Basic and Molecular Epidemiology of Gastrointestinal Disorders Research Center, Research Institute for Gastroenterology and Liver Diseases, Shahid Beheshti University of Medical Sciences, Tehran, Iran.
Foodborne and Waterborne Diseases Research Center, Research Institute for Gastroenterology and Liver Diseases, Shahid Beheshti University of Medical Sciences, Tehran, Iran.
Curr Res Transl Med. 2020 Aug;68(3):125-130. doi: 10.1016/j.retram.2020.03.002. Epub 2020 May 13.
Patients with inflammatory bowel disease (IBD) are at greater risk for Clostridioides difficile infection (CDI). There remain controversial issues about the association of infliximab therapy in IBD patients and CDI.
The present work aimed to investigate the potential association between infliximab therapy and the risk of CDI in a group of Iranian patients with IBD.
A total of 140 IBD patients were enrolled, their fresh stool specimens were obtained and used for C. difficile detection. The presence of toxin-encoding genes of C. difficile isolates were examined by PCR. Demographic data, frequency of defecation, antibiotic usage, and IBD therapy were recorded.
About half of the IBD patients had a history of antibiotic usage, mostly metronidazole (11.4 %) alone, and metronidazole + ciprofloxacin (16.4 %) as drug combination. C. difficile was isolated from 17.1 % (24/140) of the IBD patients, and more than 90 % of the isolates were found to be toxigenic having genotypes of tcdA/tcdB (18/22, 81.8 %), tcdA/tcdB (3/22, 13.6 %) and tcdA/tcdB (1/22, 4.5 %). Interestingly, we only found a significant relationship between the emergence of CDI and the use of infliximab in combinations with other drugs (P = 0.023).
In conclusion, there was a considerable incidence of CDI in Iranian patients with IBD. Our study also demonstrated that anti-TNF containing regimens in combinations with other immunosuppressive medications potentially may influence susceptibility to CDI in a group of patients with underlying IBD. Furthermore, our findings recommend avoiding the prolonged use of infliximab along with other corticosteroids or immunomodulators.
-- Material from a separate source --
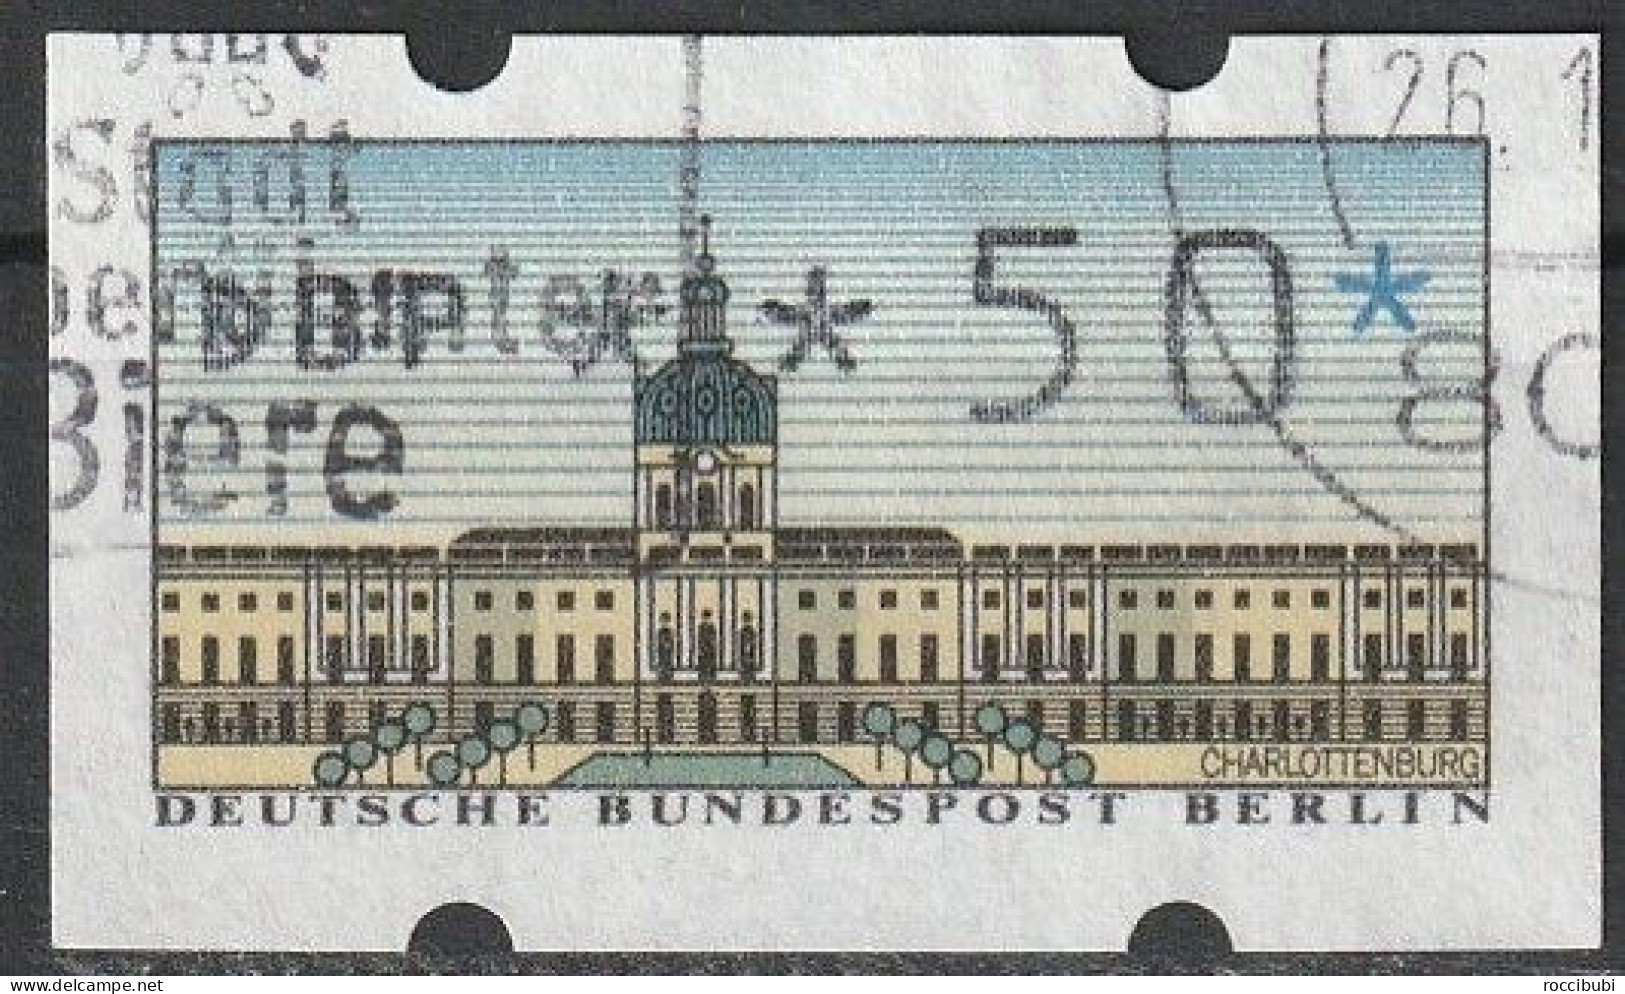 Berlin ATM 0,50 DM - Machine Labels [ATM]

Further validation studies are needed to better understand the mechanisms that regulate TNF-mediated pathways in CDI pathogenesis among IBD patients.
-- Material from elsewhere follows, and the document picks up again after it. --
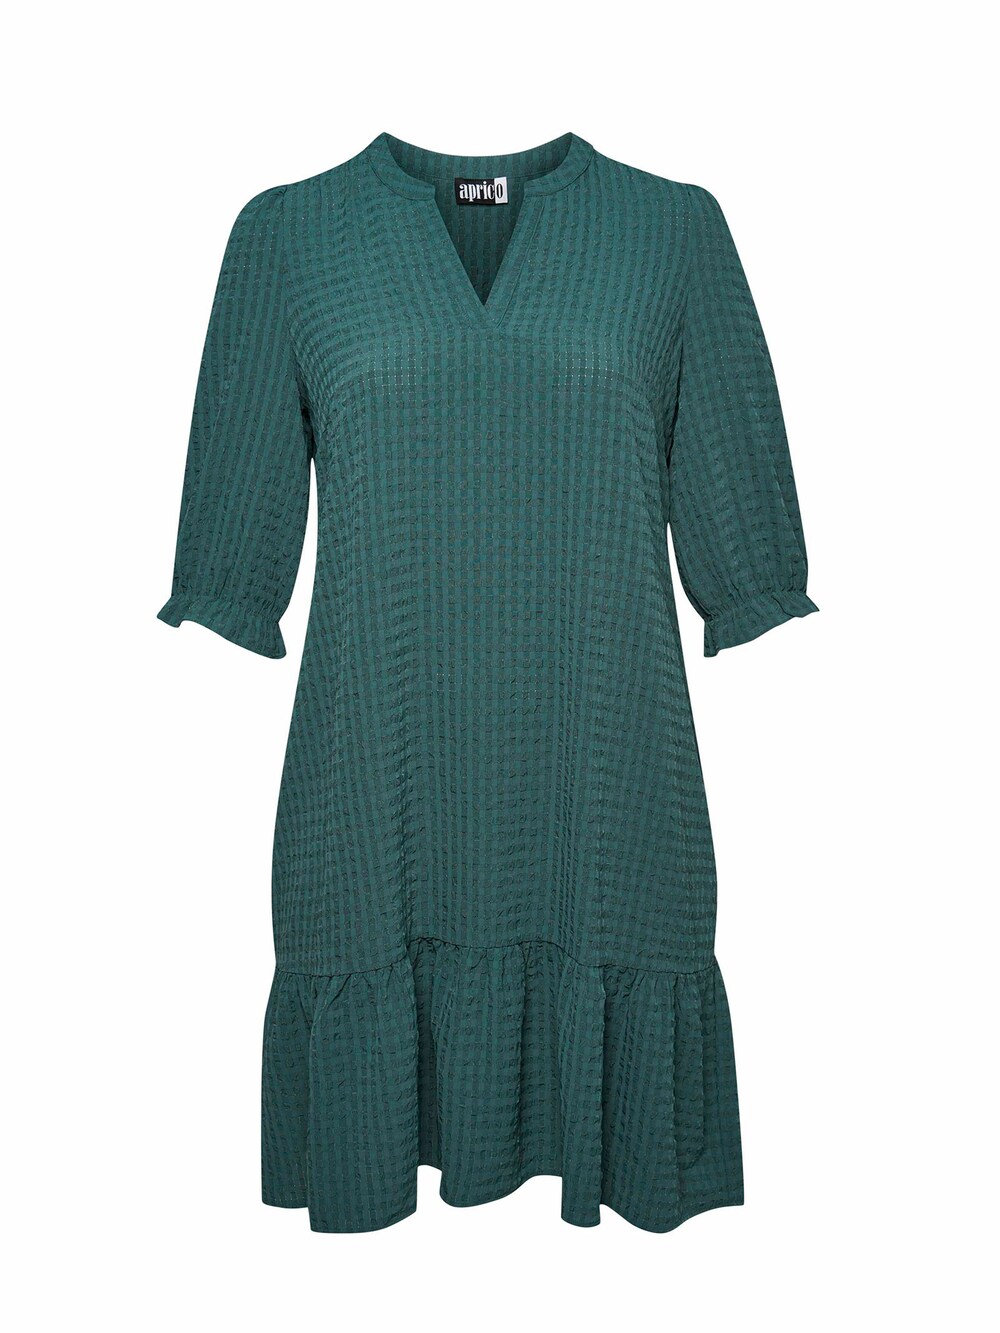 трава сворд куст 23 см зеленая 20 1433n treez Рубашка-платье Aprico, трава зеленая

炎症性肠病(IBD)患者发生艰难梭菌感染(CDI)的风险更高。在英夫利昔单抗治疗与 IBD 患者 CDI 之间的关联方面,仍存在一些有争议的问题。
本研究旨在调查一组伊朗 IBD 患者中,英夫利昔单抗治疗与 CDI 风险之间的潜在关联。
共纳入 140 例 IBD 患者,采集其新鲜粪便标本,用于检测艰难梭菌。通过 PCR 检测艰难梭菌分离株的毒素编码基因。记录患者的人口统计学数据、排便频率、抗生素使用情况以及 IBD 治疗情况。
约一半的 IBD 患者有抗生素使用史,主要为单独使用甲硝唑(11.4%)和甲硝唑+环丙沙星(16.4%)。140 例 IBD 患者中有 17.1%(24/140)分离出艰难梭菌,超过 90%的分离株为产毒株,其 tcdA/tcdB 基因型(18/22,81.8%)、tcdA/tcdB(3/22,13.6%)和 tcdA/tcdB(1/22,4.5%)。有趣的是,我们仅发现 CDI 的发生与英夫利昔单抗与其他药物联合使用之间存在显著关系(P=0.023)。
总之,伊朗 IBD 患者 CDI 的发生率相当高。我们的研究还表明,含抗 TNF 制剂的方案与其他免疫抑制剂药物联合使用可能会影响潜在 IBD 患者对 CDI 的易感性。此外,我们的研究结果建议避免长期使用英夫利昔单抗联合其他皮质类固醇或免疫调节剂。需要进一步的验证性研究来更好地了解 TNF 介导的通路在 IBD 患者 CDI 发病机制中的调控机制。